2. Class-specific image generation
The method aims to generate an image that is "representative of the class" according to the scores generated by the model. The image generated is image I which maximizes the score Sc(I) for a given class c. This image is also regularized according to the L2-norm.
This image I is found using back-propagation, in a similar way to when training the model. The key difference is that now, instead of keeping the same inputs and optimizing the weights, we are keeping the weights constant and optimizing the inputs (i.e. the values of the pixels in the image). For this method, the image is initialized to have random RGB values for each pixel.
3. Deep Dream image generation
The key difference between Deep Dream image generation and class-specific image generation is that the starting image is no longer random. In the case of Deep Dream, an actual image from the data set is used as the initial image. The rest of the method is the same as class-specific image generation; we simply perform back-propagation and find the gradient with respect to the input image to update the image.
The methods outlined above have been implemented in papers mostly on images from the ImageNet data set. These images are of everyday objects and generally consist of a clear foreground and background.

Outcomes of interpretability analysis
Okay, let’s get back to CLIP now. So the authors explored the model’s interpretability and they classified the neurons into multiple groups: Region, People, and Emotion Neurons.
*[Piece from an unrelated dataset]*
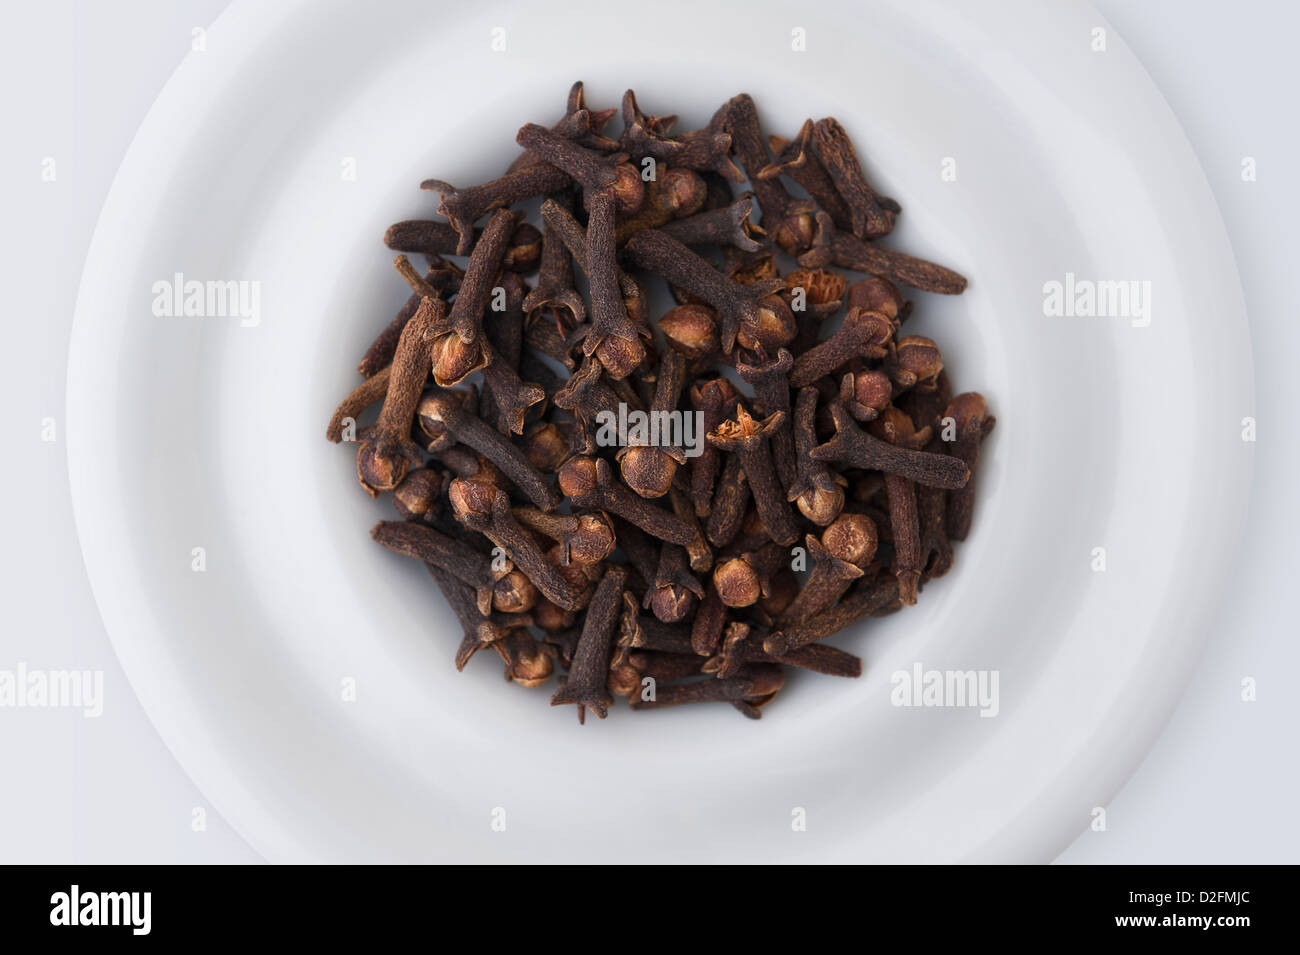 Cloves on a white plate against a white background Stock Photo

Note that most of their analysis was on the vision side of CLIP, not the text side. The resulting analysis shows the unusual association between images and their meaning.
For example, for emotion neurons, bored would be equal to "Relaxing + grumpy + sunset". Also, the model shows a clear bias (because of the dataset) in a lot of cases. For example, "illegal immigration" seems to be highly correlated to "Latin America". My point here is not to iterate over the examples that you can just read about in their article, but rather the benefit of the interpretability analysis. Because as a Machine Learning developer, this is quite useful information.
Very funny failure cases
I am sure a lot of you have probably seen this somewhere around in the media:

It’s basically showing that although CLIP classifies an apple correctly, simply a "Pen and paper activation attack" can fool the network into thinking that this image is an iPod. This was quite eye-opening for me because it shows that although CLIP is a powerful model, it can be easily fooled. And I think this is true for a lot of the current AI systems (and I wonder how Elon Musk thinks AI is going to take over the world). I don’t mean to be discouraging, I think it is a good thing that we are aware of such issues so that we can fix them, and this is one of the main aims of this article, to promote more interpretability studies. Also, I think analyzing the attacks that can make a neural network fail is a significant aspect of such a study.
Finally, one of the most interesting things that they released is the OpenAI microscope. Which is a tool that you can use to actually see those activations for yourself!
Final Thoughts
I hope you have enjoyed this article, I tried not to make it too long. I think one of the most important outcomes that I am hoping you would get out of this is to have a small interpretability section in your machine learning project. This will help you with understanding deep learning in-depth and will provide extremely valuable images that you can present (in addition to your scores and metrics).